For the dry run, verification is local:

test -f agent-task-dry-run-audit.json
node -e "const a=require('./agent-task-dry-run-audit.json'); if (a.live_github_request_sent !== false) process.exit(1); console.log(a.live_response)"

Expected output:

[DATA NOT AVAILABLE]

That output confirms the script did not pretend to have a GitHub response. If your validator prints a task ID during dry-run mode, treat it as a bug unless you actually sent a live request in a safe repository and saved the evidence.

Troubleshooting FAQ

Q: Can this safely run against production repositories?

The dry-run validator can be used with production repository names because it does not call GitHub. A live launcher should start with a non-critical repository, explicit approval, narrow prompts, and repository-owner review.

Q: Which token should the launcher use?

For the documented repository endpoints, use the supported token types in GitHub's Agent tasks REST API docs and require the Agent tasks repository permission. The exact token issuance flow depends on your GitHub organization and app architecture, so live implementation details are account-specific.

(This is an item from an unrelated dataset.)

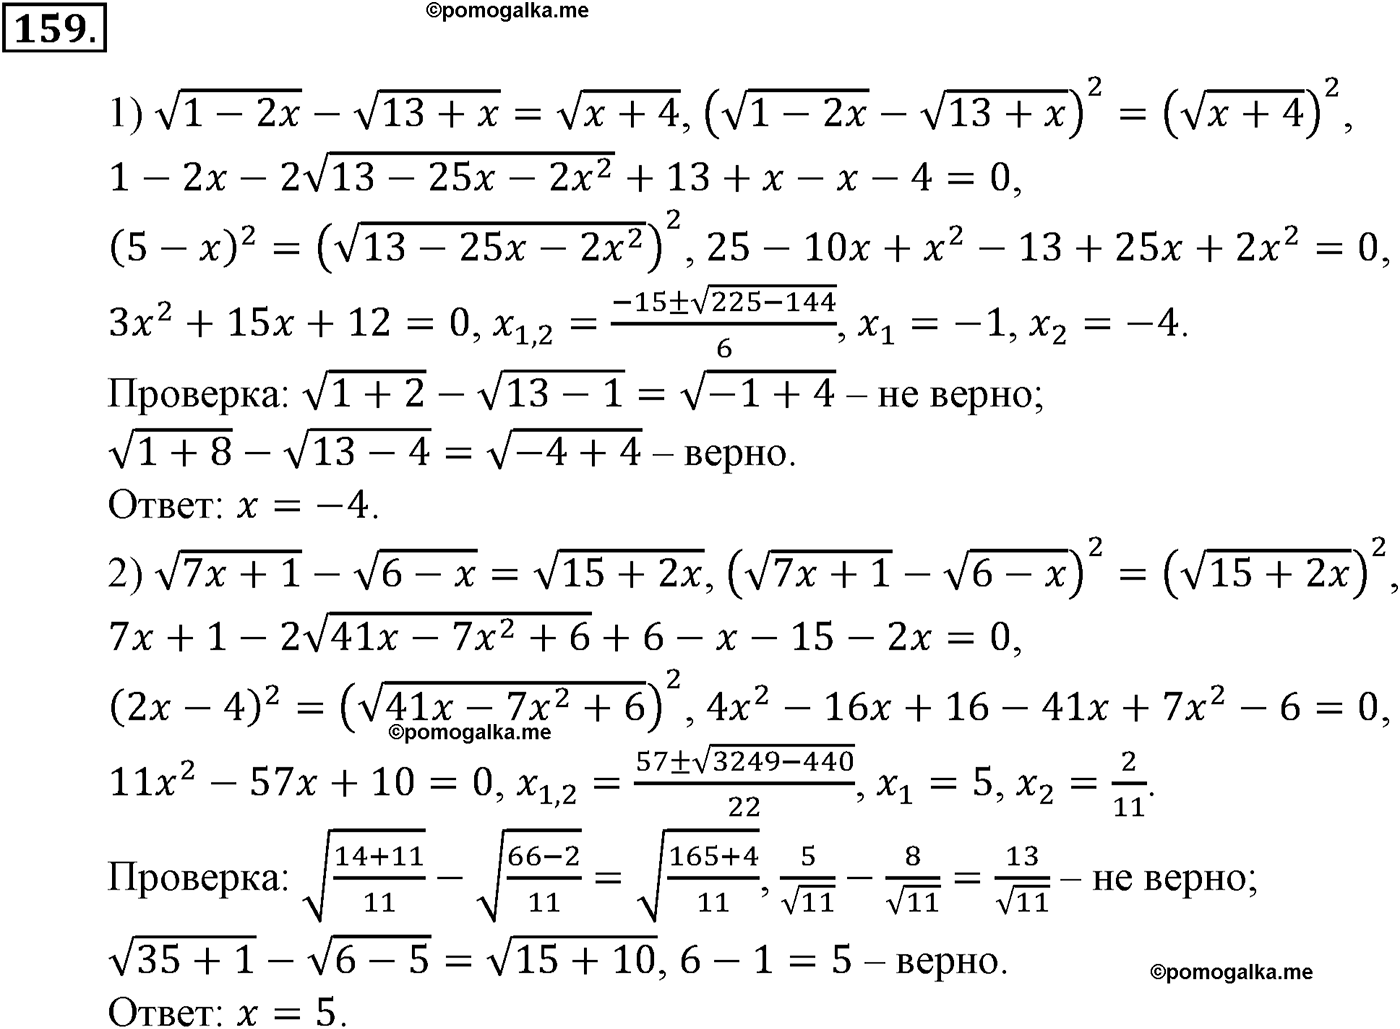 разбор задачи №159 по алгебре за 10-11 класс из учебника Алимова, Колягина

Q: Does this replace GitHub's own UI?

No. It wraps the API with a control plane: approvals, validation, audit logs, and developer-portal workflow. Teams that only need occasional manual tasks may not need a custom launcher.

Q: Can the API pick any model?

No. The REST docs list currently supported values, and GitHub says allowed models can change over time and depend on plan and organization policy. Validate the model field at runtime instead of freezing assumptions forever.

Q: Did Effloow start a real Copilot cloud agent task?

No. Effloow Lab ran an OpenAI API check on the dry-run launcher design and recorded the limitations. No GitHub token was used and no Agent tasks API request was sent.

Buyer Readiness Checklist

Use the Agent tasks REST API when your buyer needs controlled delegation from an internal portal, recurring engineering queues, or platform-approved task launch flows. Do not lead with automation until the control plane is ready.

Minimum readiness:

• source-verified endpoint and API version;
• explicit plan and policy eligibility check;
• token-type and permission check;
• repository and branch confirmation;
• prompt review workflow;
• create_pull_request=false default;
• audit logs that do not store secrets;
• clear handling for waiting_for_user, timed_out, failed, and cancelled;
• documented escalation path when a task needs human review.

That is the article-to-product opportunity: turn a new agent endpoint into a governable launcher that engineering teams can inspect before they trust it.